Cabrera-Rego Julio Oscar, Navarro-Despaigne Daisy, Staroushik-Morel Liudmila, Díaz-Reyes Karel, Lima-Martínez Marcos M, Iacobellis Gianluca
Coronary Intensive Care Unit, Hospital Manuel Fajardo, Havana, Cuba.
Investigation Department, National Institute of Endocrinology, Havana, Cuba.
Clin Investig Arterioscler. 2018 Jan-Feb;30(1):21-27. doi: 10.1016/j.arteri.2017.07.006. Epub 2017 Sep 19.
Menopausal transition is critical for the development of early, subclinical vascular damage. Multiple factors, such as atherosclerosis, increased epicardial fat, and endothelial dysfunction can play a role. Hence, the objective of this study was the comparison of epicardial adipose tissue and carotid intima media thickness in order to establish the best predictor of carotid stiffness in middle-aged women with endothelial dysfunction.
A total of 43 healthy women aged 40-59 years old with endothelial dysfunction previously demonstrated by flow mediated dilation were recruited to have anthropometric, biochemical, hormonal and ultrasound determinations of carotid intima media thickness and epicardial fat thickness.
Carotid arterial stiffness parameters (local pulse wave velocity [4.7±0.7 vs 4.8±0.5 vs 5.6±0.5m/s, respectively, p<0.001], pressure strain elastic modulus [55.2±13.4 vs 59.2±11.8 vs 81.9±15.6kPa, respectively, p<0.001], arterial stiffness index β [4.4±1.4 vs 5.0±1.1 vs 6.4±1.3, respectively, p<0.001]) and epicardial fat thickness (2.98±1.4 vs 3.28±1.9 vs 4.70±1.0mm, respectively, p=0.007) showed a significant and proportional increase in the group of late post-menopausal women when compared to early post-menopausal and pre-menopausal groups, respectively.
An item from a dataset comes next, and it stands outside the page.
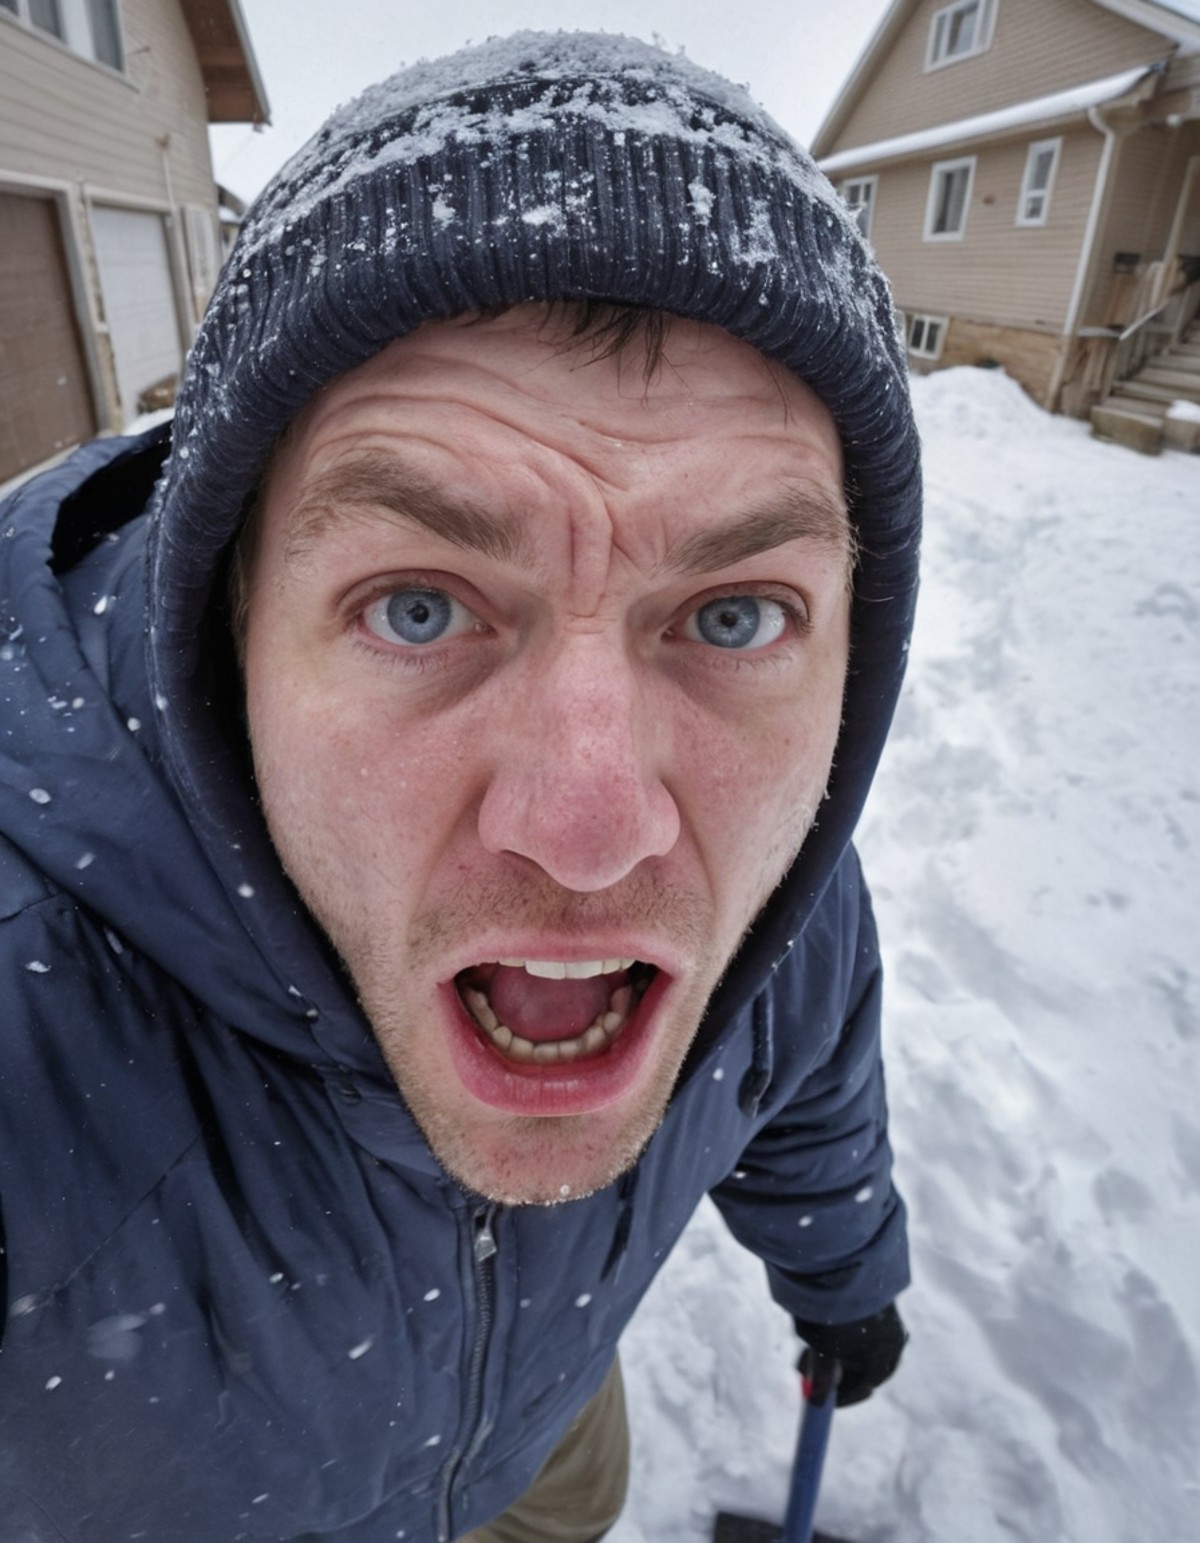 amateur close-up photo of man, angry at the snow in the driveway, driveway covered in deep snow, snow shovel on the ground...

Among body fat markers, epicardial fat was the strongest predictor of local pulse wave velocity, independent of age.
In menopausal women with endothelial dysfunction, menopausal transition is associated with increased carotid arterial stiffness and epicardial fat thickness, independent of age. Ultrasound measured epicardial fat was a better independent predictor of arterial stiffness than carotid intima media thickness in these women.
围绝经期过渡对于早期亚临床血管损伤的发展至关重要。多种因素,如动脉粥样硬化、心外膜脂肪增加和内皮功能障碍都可能起作用。因此,本研究的目的是比较心外膜脂肪组织和颈动脉内膜中层厚度,以确定内皮功能障碍的中年女性颈动脉僵硬度的最佳预测指标。
共招募了43名年龄在40 - 59岁之间、先前通过血流介导的血管舒张证明存在内皮功能障碍的健康女性,进行人体测量、生化、激素检测以及颈动脉内膜中层厚度和心外膜脂肪厚度的超声测定。
与绝经后早期和绝经前组相比,绝经后期女性组的颈动脉僵硬度参数(局部脉搏波速度分别为4.7±0.7 vs 4.8±0.5 vs 5.6±0.5m/s,p<0.001;压力应变弹性模量分别为55.2±13.4 vs 59.2±11.8 vs 81.9±15.6kPa,p<0.001;动脉僵硬度指数β分别为4.4±1.4 vs 5.0±1.1 vs 6.4±1.3,p<0.001)和心外膜脂肪厚度(分别为2.98±1.4 vs 3.28±1.9 vs 4.70±1.0mm,p = 0.007)均呈现显著且成比例的增加。在身体脂肪标志物中,心外膜脂肪是局部脉搏波速度最强的预测指标,不受年龄影响。
在内皮功能障碍的绝经女性中,围绝经期过渡与颈动脉僵硬度增加和心外膜脂肪厚度增加相关,不受年龄影响。在这些女性中,超声测量的心外膜脂肪比颈动脉内膜中层厚度是更好的动脉僵硬度独立预测指标。